Retirement Guidelines, Pointers and Pitfalls

8a8 9449 x2 x1001 Retirement Guidelines, Pointers and Pitfalls

Jane Young, CFP, EA

 

Below are some general guidelines and rules of thumb for retirement planning.  While general guidelines can be useful, I recommend that you do the work to run retirement calculations with well thought out figures that represent your unique situation. These should be revisited on an annual basis to be sure you are on track.  Guidelines and rules of thumb can be misleading and may not fit every situation.

 

  • Always save between 10% and 15% of your annual income.  If you are starting late this needs to be much higher.

 

  • A rule of thumb is that you will spend 60-80% of your pre-retirement expenses in retirement.  However, I recommend doing the detailed work to determine what your unique situation may look like.

 

  • Over a long period of time inflation has averaged about 3%.  In retirement some of your expenses may not be subject to inflation such as your house payment.
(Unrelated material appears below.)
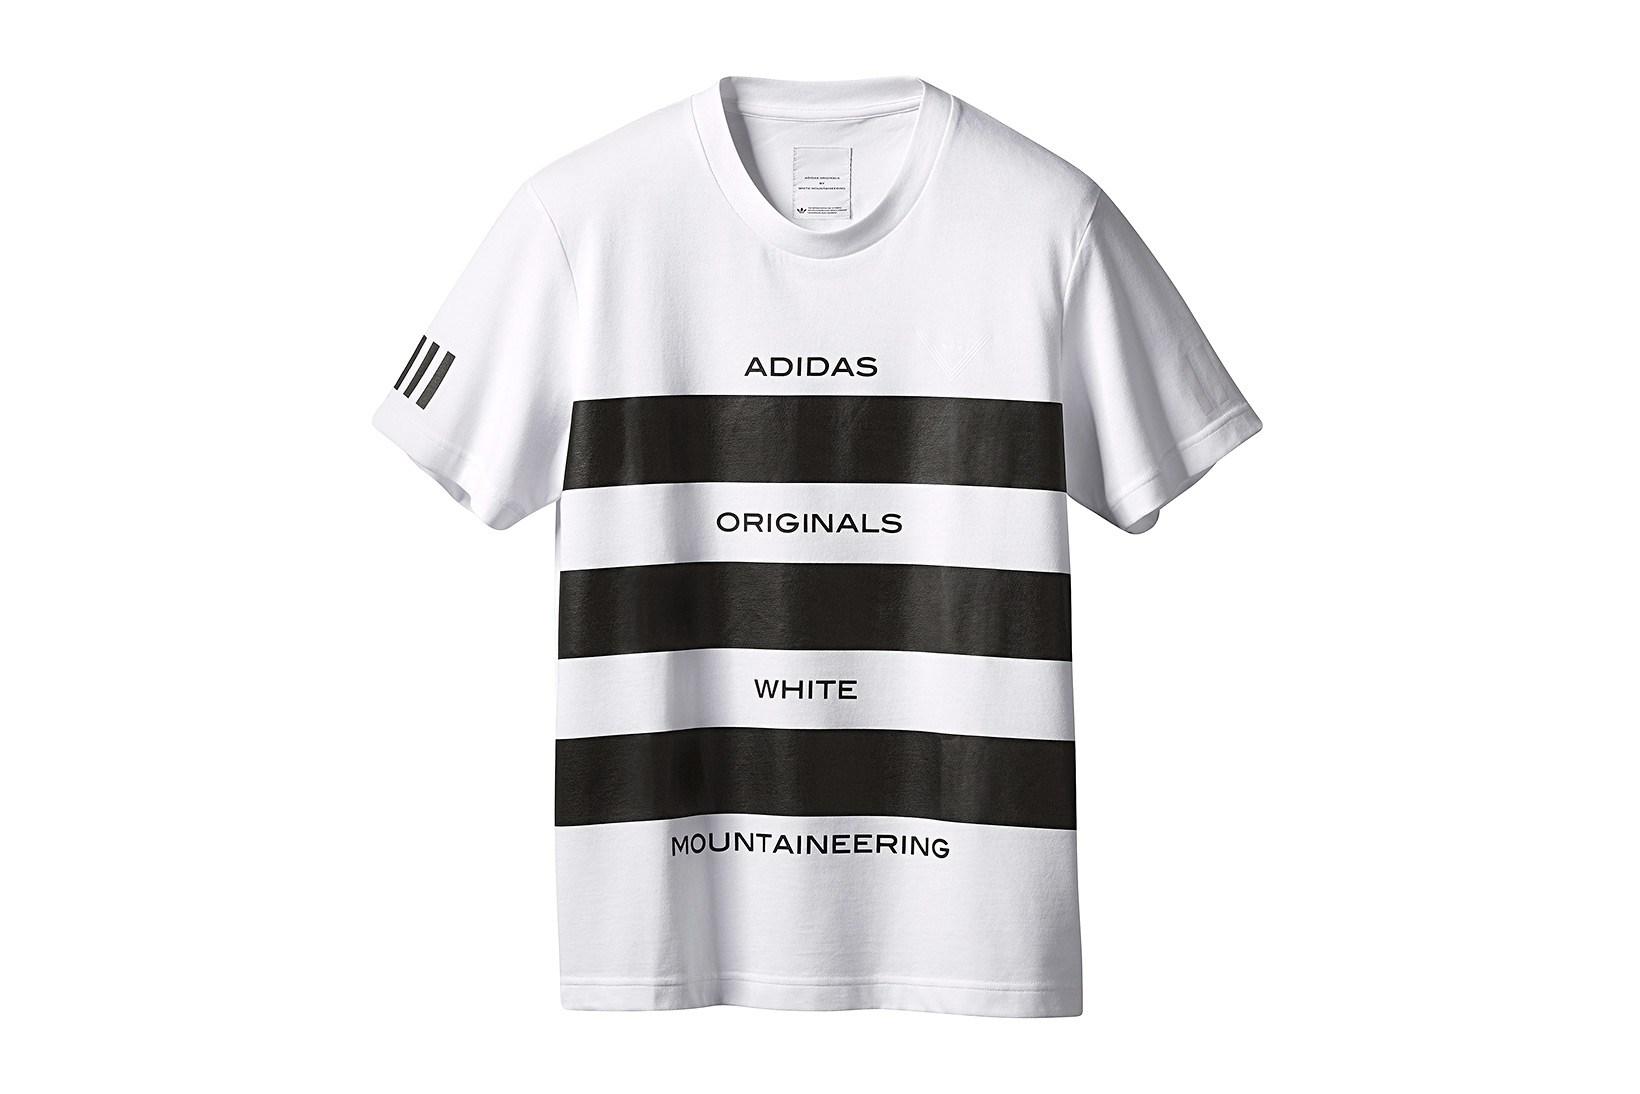 white-mountaineering-adidas-originals-closer-look-18

Other expenses, such as healthcare, will be higher.  Health care is projected to increase at a rate of 7% annually.

 

  • You will probably spend more during your first few years of retirement and much less during your last years in retirement.  Due to compounding, money spent early in retirement has a more dramatic impact on reducing your nest egg than money spent later in life.  You may want to consider working a part time or seasonal job to help cover large travel expenses during the first few years of retirement.

 

  • One guideline to determine the size of retirement nest egg required is to assume you will need $15 – $20 in savings for every dollar of shortfall between your projected income from pensions and social security and your expenses.

 

  • A guideline on how much you can pull from your retirement savings without running out is 3-4% if you have a conservative portfolio and 4-5% if you have a moderate or more aggressive portfolio.  Most retirement guidelines assume 30 years in retirement.  I recommend running numbers that represent your specific situation to get a better understanding of what you can spend.

 

 

 

 

  • Avoid taking Social Security before your normal retirement age if you plan to work between 62 and your normal retirement age.  In 2011, Social Security will withhold $1 for every $2 earned above $14,160 between the time you are 62 and   your normal retirement age.  Additionally, working while taking Social Security may result in more income tax on your benefit.

 

  • If you are planning to retire before 65, be ready to pay a hefty bill for health insurance until Medicare kicks in at 65.

 

  • Avoid pulling money from your retirement funds to meet short term, pre-retirement living expenses. 

 

  • Don’t sacrifice your retirement to put your children through college.

 

  • Don’t automatically transfer your entire portfolio into CD’s or other extremely conservative investments upon retirement.  You may spend more than 30 years in retirement.  Some of your money should be invested in the stock market to stay ahead of inflation. 

 

  • You don’t need an “income” producing investment to cover your retirement distribution needs.  You can make systematic withdrawals from your portfolio to meet your living expenses.  However, you should maintain at least 5-10 years of expenses in fixed income investments.  This will prevent the need to sell equities when the stock market is down.  A significant portion of your annual return will come from capital appreciation on the stock portion of your portfolio.

 

  • Maintain a diversified portfolio and don’t keep too much in your company’s stock or in the stock of any one company.

 

  • Monitor your situation on an annual basis to stay on track.